Warren is nothing if not independent. As the head of the Congressional Oversight Panel, a government watchdog created to oversee the controversial $700 billion Wall Street bailout, Warren routinely has criticized policies and decisions at Geithner's Treasury.
Her tenacity was on full display Wednesday when she ripped the foreclosure prevention program at a Senate Finance Committee hearing.
Blunt talk is par for the course for Warren, but not for Washington, where reports usually are written with more subtle language, composed in a type of hidden code. Warren likes to recall that in early 2009, an official on the Hill told her that one of the panel's initial reports was "too direct," suggesting that she take a more diplomatic approach.

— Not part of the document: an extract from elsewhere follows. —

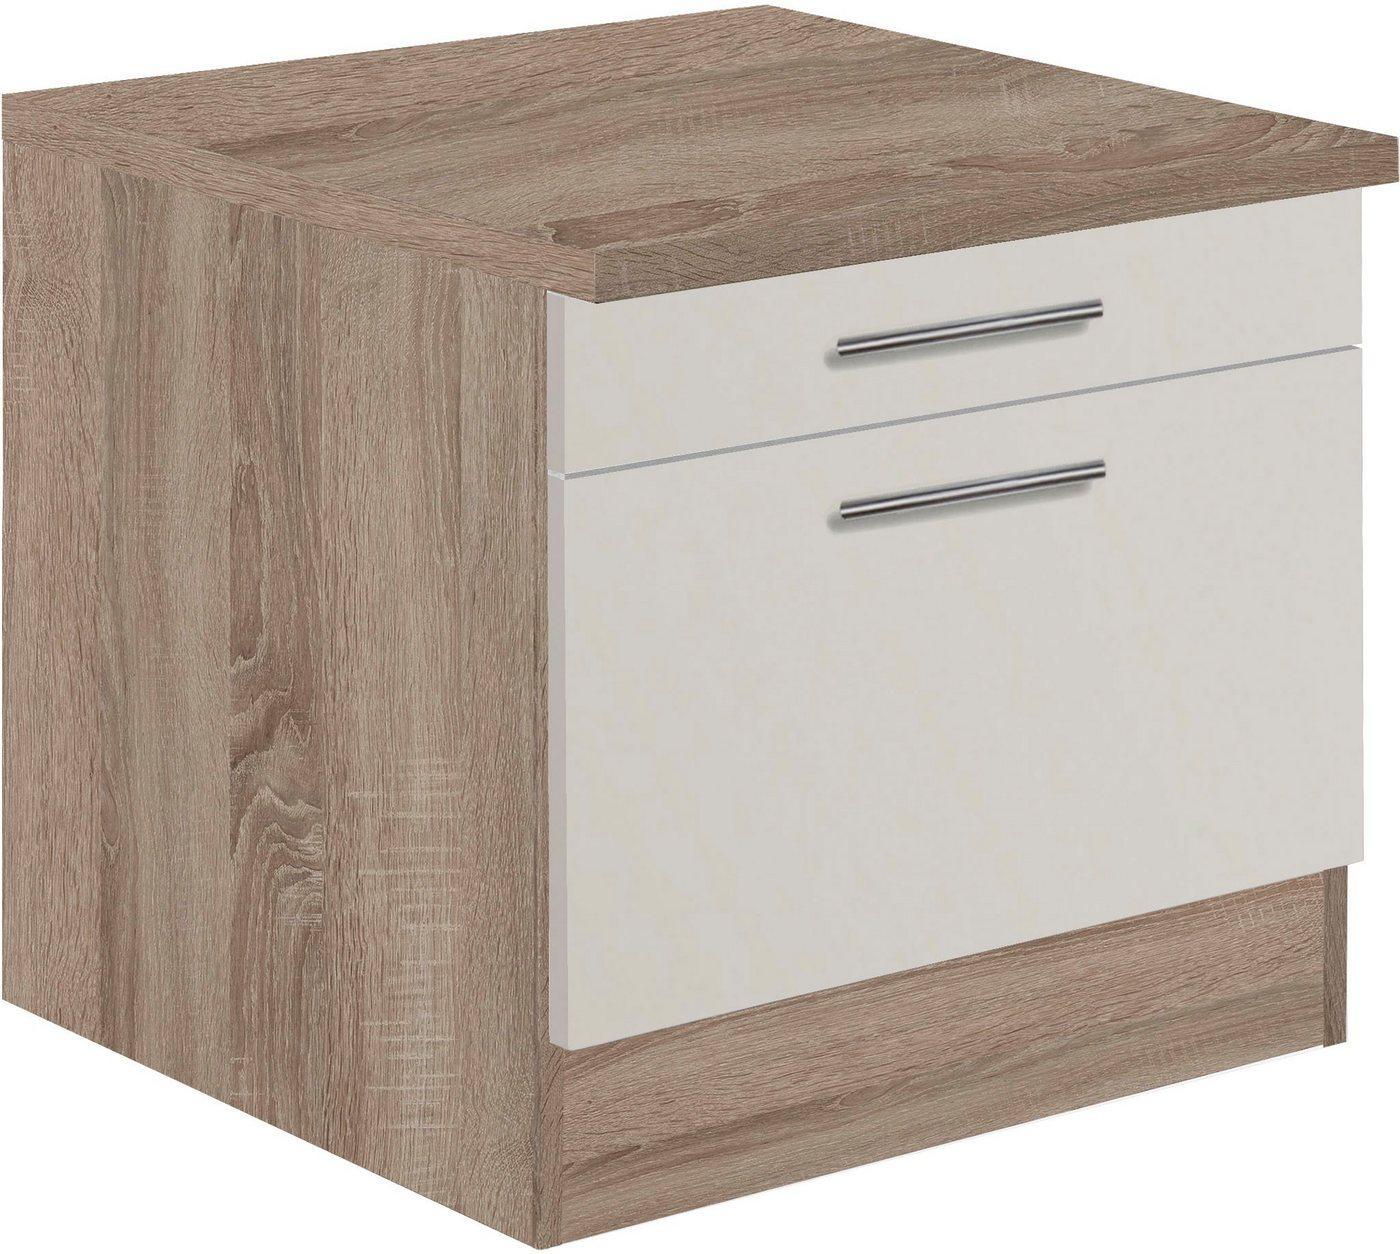 OPTIFIT Unterschrank »Elm« für Waschmaschine oder Trockner, Breite 60 cm, braun

"Well then what's the point?" replied Warren.
Since then, the Oklahoma native has stuck to her guns, even if it jeopardizes her possible appointment and confirmation to run the agency she has fought so hard for.
"This plain-spoken Oklahoman-speak that she uses is not what Washington's used to," a source familiar with the matter told ABC News. "She could be controversial because she's not attuned to the traditional way of doing business in Washington."
Future: Tense
With her future the subject of a growing debate inside the Beltway, Warren knows she will be ultimately be picked or not -- and confirmed or not -- based on her body of work over the past few decades.
"She's going to be judged on her decades of academic scholarship and her abilities," the source told ABC, "and this idea that she might be found controversial is sort of inconsequential to her."
The financial industry, for its part, would like Obama to pick someone more likely to see their side of the issue, not just the consumers' side.
"We believe the Consumer Financial Protection Bureau should focus on both ends of the transaction," said Scott Talbott, chief lobbyist for the Financial Services Roundtable in Washington.
But if Obama wants to implement "the strongest consumer financial protections in history," as he called them on Wednesday, then progressives such as Sirota believe Warren should be the obvious choice to run the new bureau.
"The status quo has a reason to be nervous about Elizabeth Warren," Sirota said. "She is independent, she is eminently qualified, and she knows what problems need to be fixed. People who want to preserve the status quo are right to be worried that she'd challenge them, so it makes sense for them to challenge her confirmation by saying that she'd be too controversial."
At a time when the Wall Street reform bill has been denounced by some on the far-left for not doing enough to crack down on the financial system, the White House could win some liberal support by picking Warren.
"She has become a rallying point," Sirota said. "She'd go a long way towards selling that this bill is real progress."
On Wednesday, only 45 minutes into the Senate hearing, Warren got up from the witness table and headed for the exits. She had a more pressing engagement.
"I apologize for leaving and thank you all very much," she told the panel.
Warren had to go watch the president sign the new bill into law, the bill that will create the new agency that she fought so hard to establish. Now the only question that remains is: who will run it?
ABC News' Jake Tapper contributed to this report.